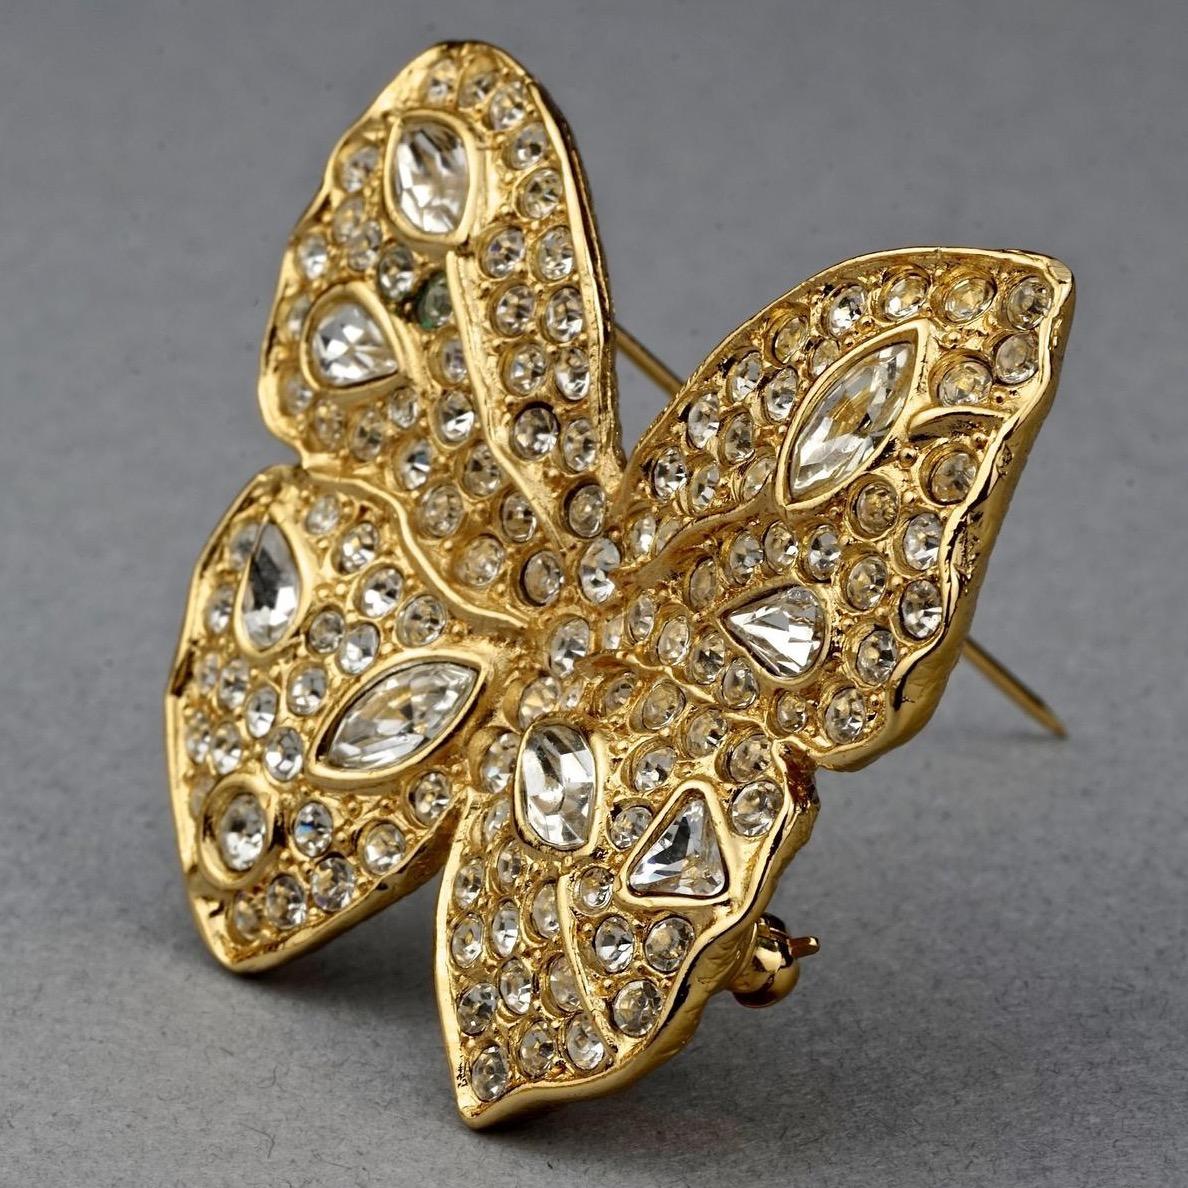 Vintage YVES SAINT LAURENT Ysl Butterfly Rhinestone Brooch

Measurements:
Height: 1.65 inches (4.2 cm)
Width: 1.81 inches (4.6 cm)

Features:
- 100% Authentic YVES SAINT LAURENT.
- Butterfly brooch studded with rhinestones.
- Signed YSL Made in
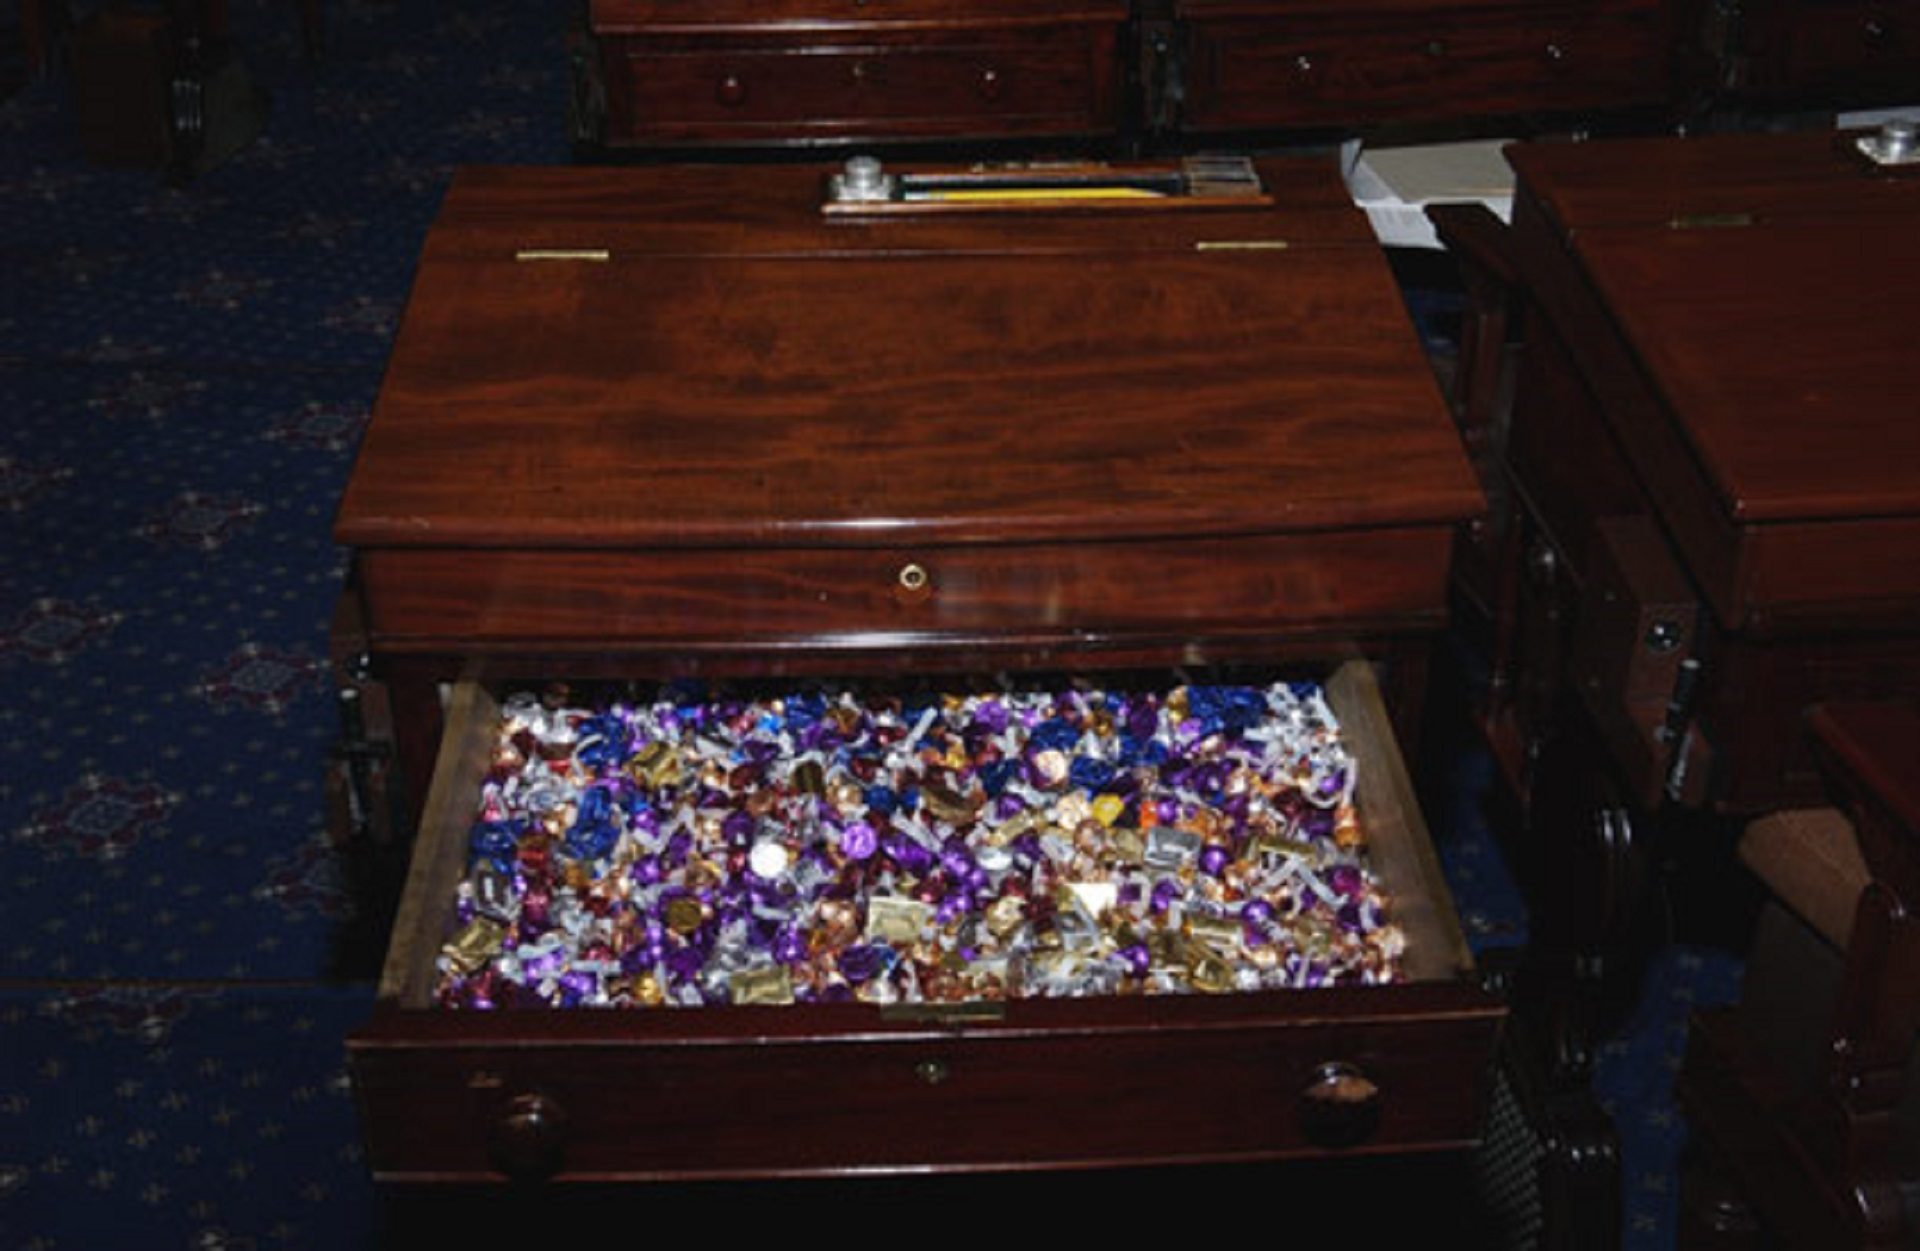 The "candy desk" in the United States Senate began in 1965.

Work item: Pick each line holding "inches" out of the entries above and return it.

Answer box:
Height: 1.65 inches (4.2 cm)
Width: 1.81 inches (4.6 cm)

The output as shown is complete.